The school's "guiding faculty," as its advertisements stress, includes Cerf and such other U.S. literary figures as Faith Baldwin, Bruce Catton, Clifton Fadiman, Phyllis McGinley and Max Shulman. "There is probably nothing illegal in the FWS operation," writes Miss Mitford judiciously, but she encourages would-be writers to take state-university correspondence courses for a fraction of the cost.

High-pressure advertising and sales methods, she suggests, are largely responsible for the school's current enrollment of 65,000 students, each of whom is paying $785 to $900 for a three-year course. She concludes that a dropout rate of 66% to 90% (with few refunds) is largely responsible for the school's financial success. Prospective students are wooed by ads that imply guiding faculty members will help judge aptitude tests; there are also brochures that claim "all these eminent authors in effect are looking over your shoulder as you learn." In reality, writes Miss Mitford, the guiding faculty does no teaching and does not even take a hand in recruiting the school's regular instructors.

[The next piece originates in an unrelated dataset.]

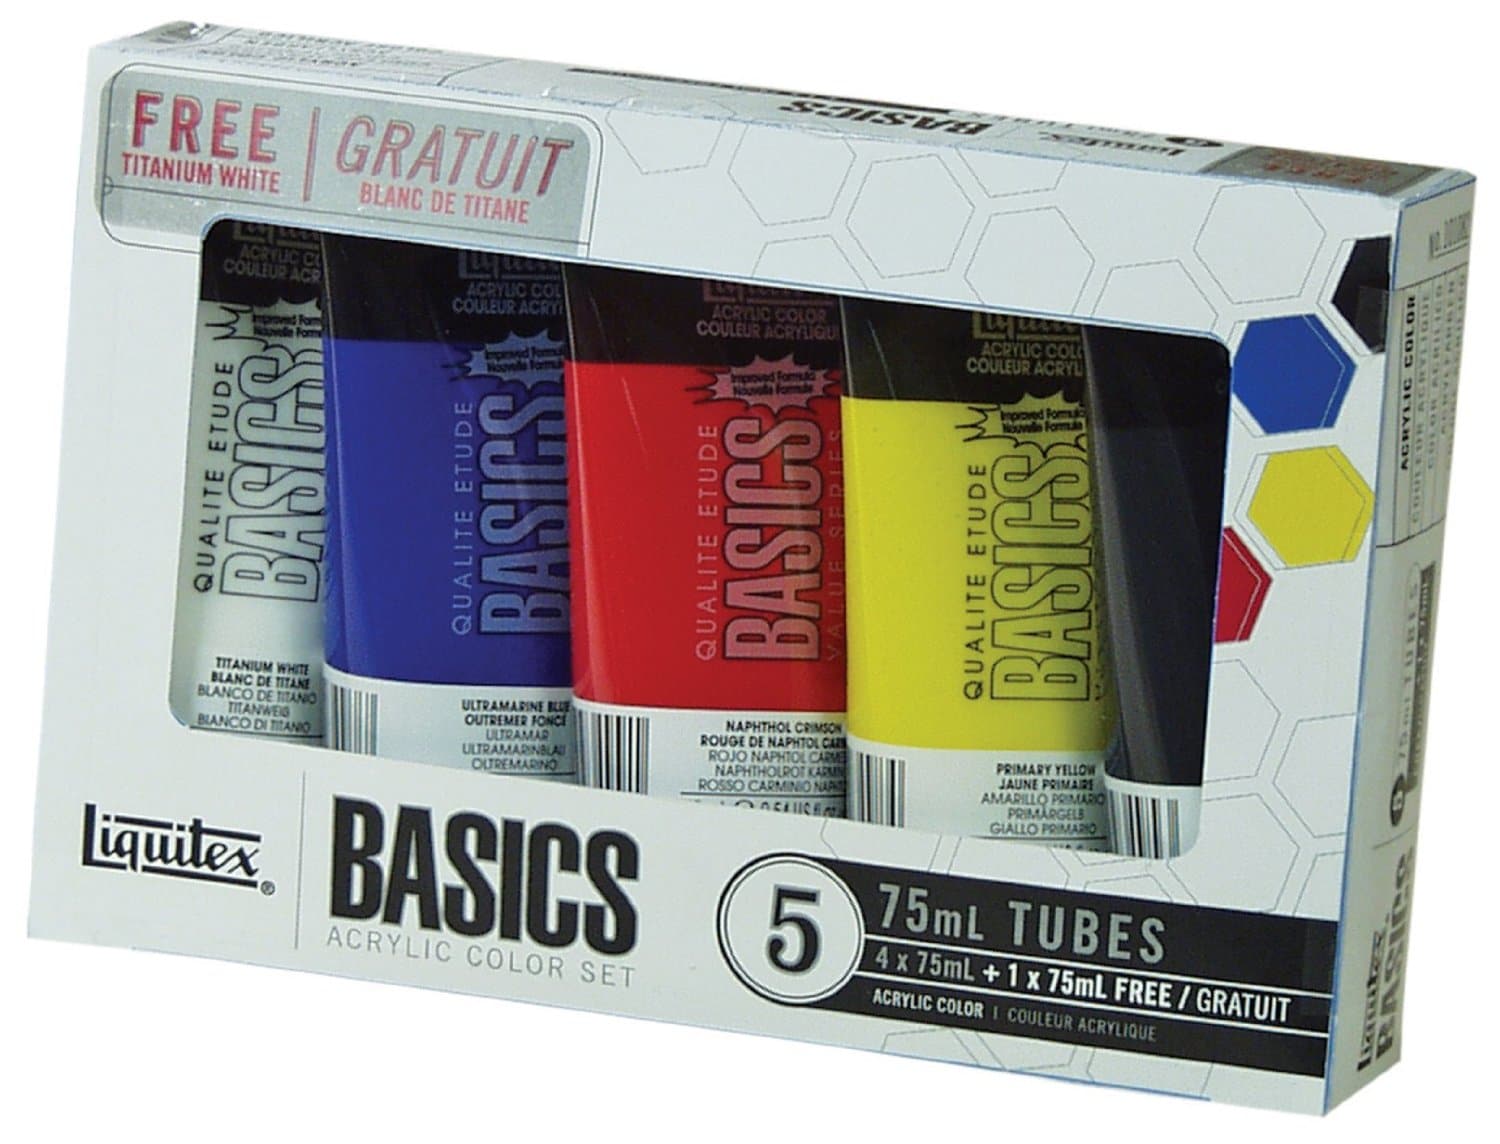 LIGHTNING DEAL ALERT! Liquitex Basics Acrylic Color Set, 4-pack – 50% off

Ham in the Papers. Miss Mitford reports that when she spoke to guiding faculty members about the ads, they "seemed astonished, even pained, to think people might be naive enough to take the advertising at face value." She quotes Cerf: "If anyone thinks we've got time to look at the aptitude tests that come in, they're out of their mind!" And Faith Baldwin: "Anyone with common sense would know that the 15 of us are much too busy to read the manuscripts the students send in." And Cerf again, on mail-order selling in general: "The crux of it is a very hard sales pitch, an appeal to the gullible." Then why does he lend his name to the school's hard-sell proposition? "Frankly, if you must know, I'm an awful ham —I love to see my name in the papers!"